Japanese consumer behaviour is changing dramatically – and that could mean new opportunities for Australian retailers… Its borders are closed to migrants. Its population is ageing – and falling – rapidly. Its economy is on the brink. But Japan’s retail sector remains fascinating for its diversity, excellence – and unprecedented rate of change. Brian Salsberg, principal with McKinsey & Company, Tokyo, and Christopher Rees, Austrade senior trade commission
sioner, based in Osaka, briefed Westfield World Retail Study
Tour participants in Tokyo on the state of Japanese retailing. Salsberg estimated there has been “more change in last two years in Japanese consumer behaviour than in the last 10 to 15 years”.
Yet Rees exhorted Australian retailers and manufacturers to seriously consider the Japanese market, despite the tumult; identifying five key demographic groups to be targeted, (refer to the boxed story).
For 20 years Japan has failed to post economic growth, largely due to an ongoing population decline.
Where nations like Australia have addressed the ageing population trend with positive migration policies, Japan’s borders have remained almost hermetically sealed. The result, an annual retail sales decline of around one per cent. And a cup of coffee which cost $A5 at the famous Ginza coffee shop in 1984 still costs about the same today.

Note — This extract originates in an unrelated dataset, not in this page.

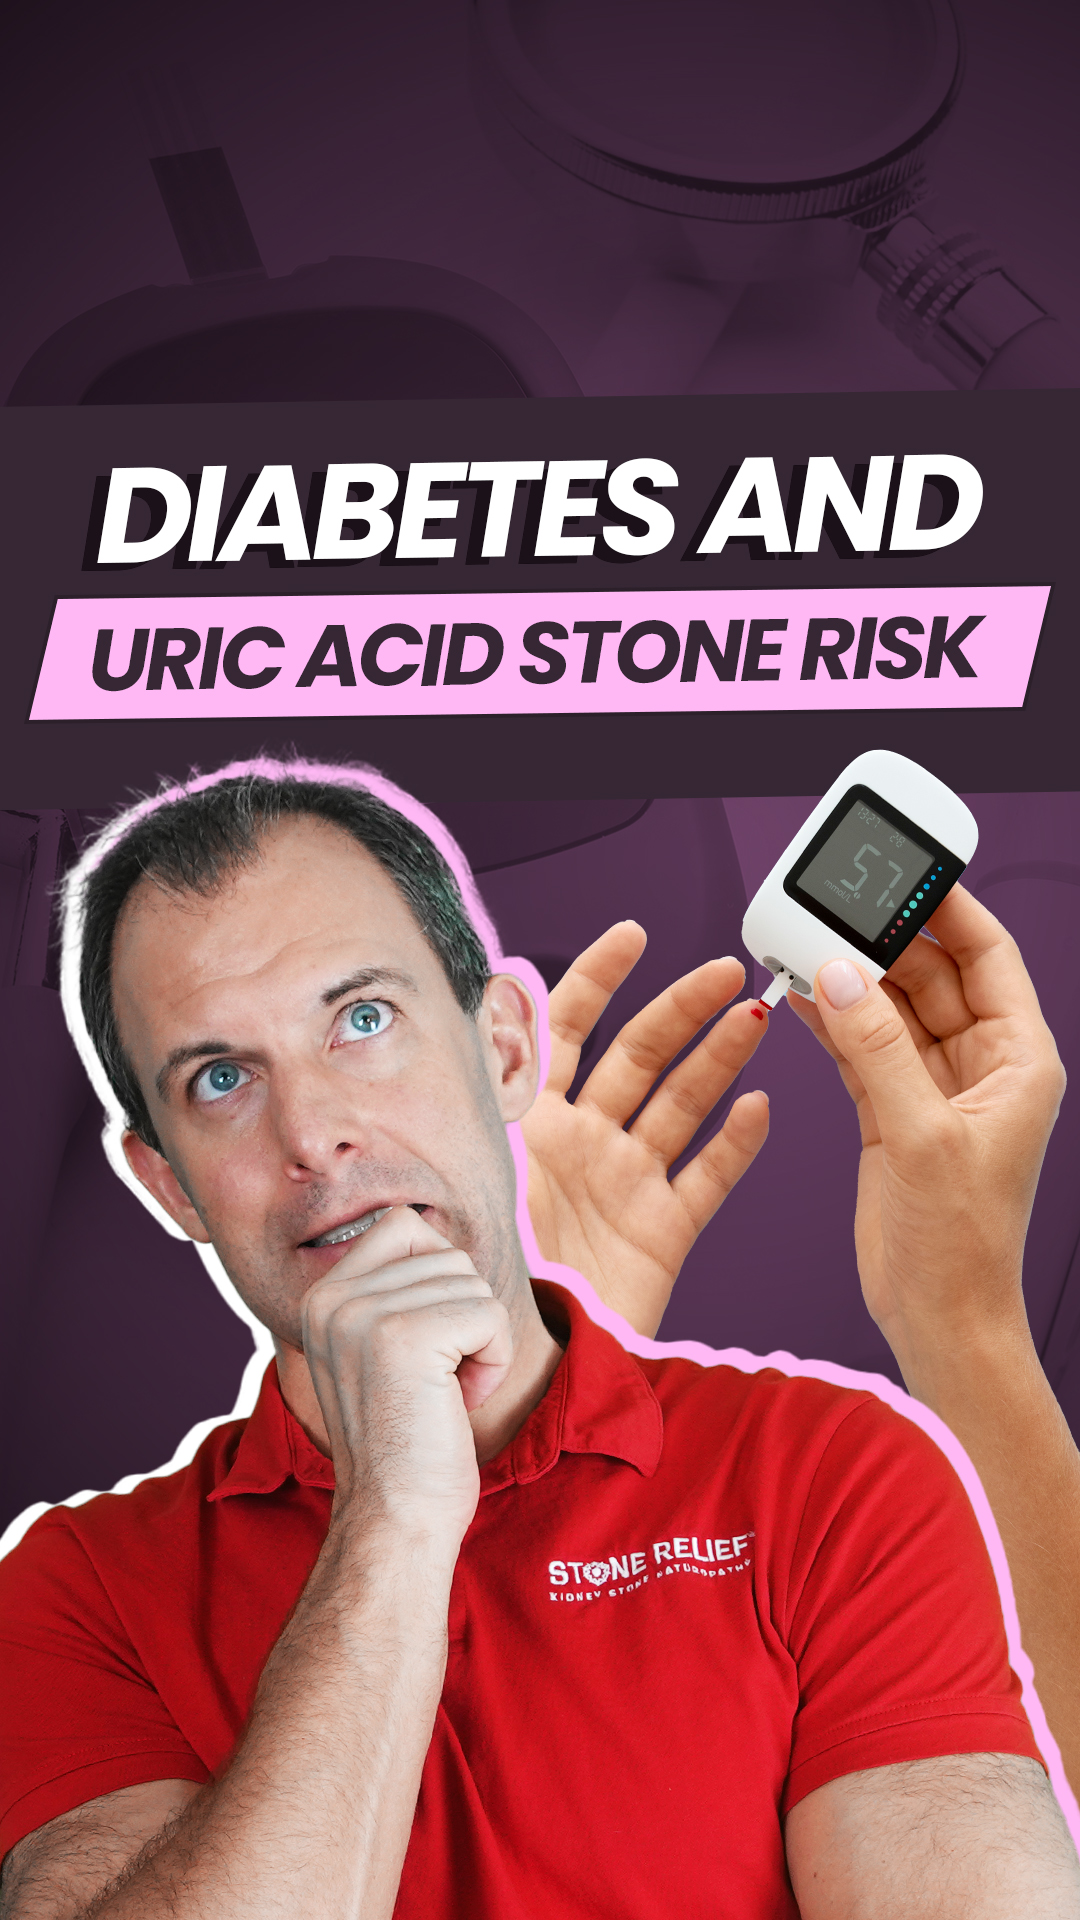 Diabetes and uric acid stones connection
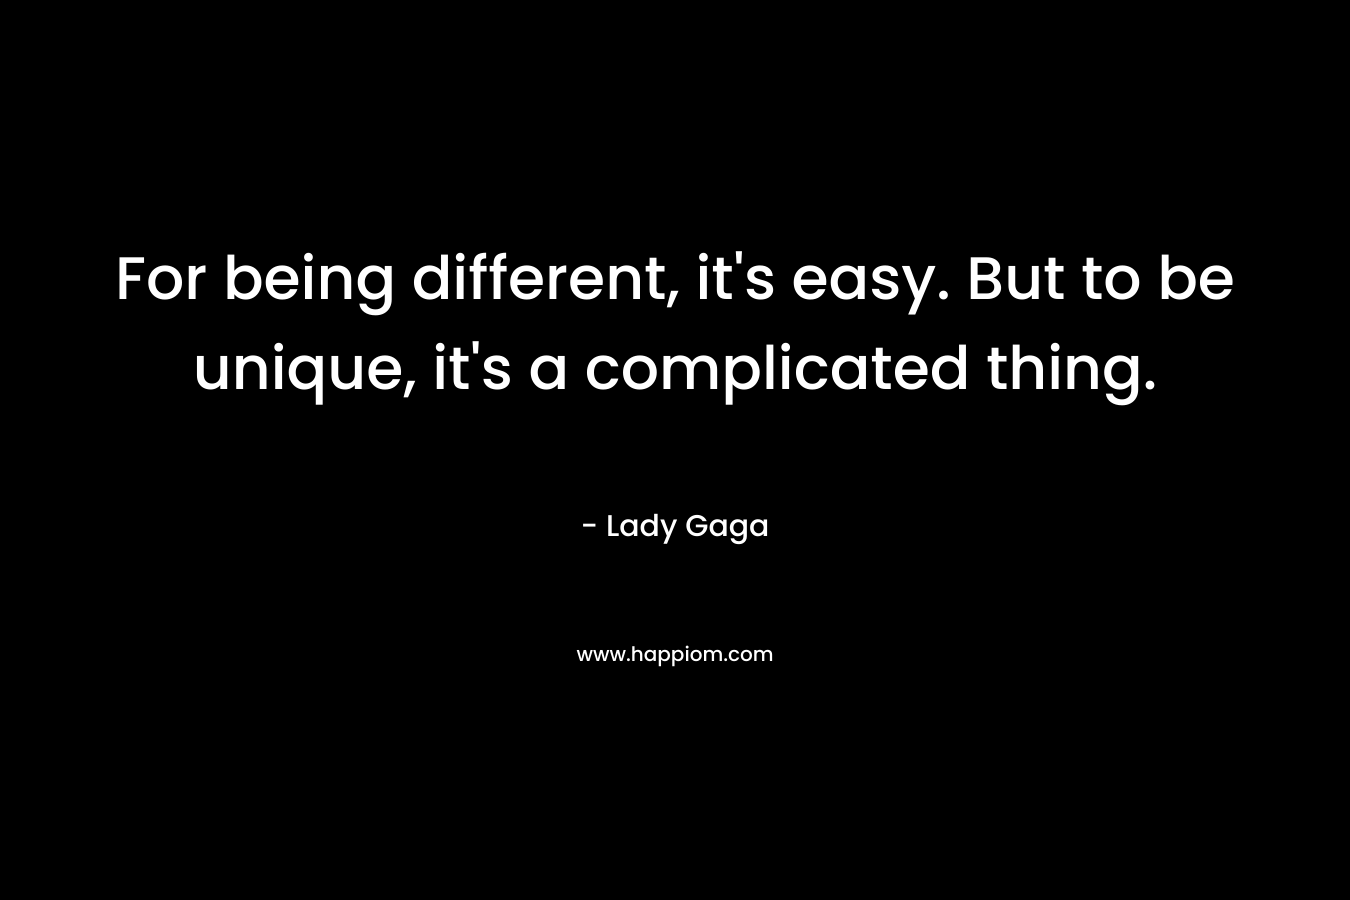 For being different, it’s easy. But to be unique, it’s a complicated thing. – Lady Gaga

Combine that ongoing trend with the shock of last year’s recession and you have the perfect recipe for retail shock. Of 14,000 consumers in a recent poll quoted by Salsberg, 37 per cent said they were spending less and 40 per cent about the same amount. That means just 23 per cent of consumers increased their spend in 2009.
Value trumps convenience.
Japan used to have one of the lowest penetrations of private label in the world. But that’s all changed post recession. In the last two to three years, supermarket chains have reported their fastest ever growth in private label sales. While spending on health, sports, internet and mobile phones remains strong, dining, fashion, digital audio equipment have been hit hard. Half of consumers say they’re indulging in ‘sugomori’ – the nesting phenomena; they’re spending more time at home.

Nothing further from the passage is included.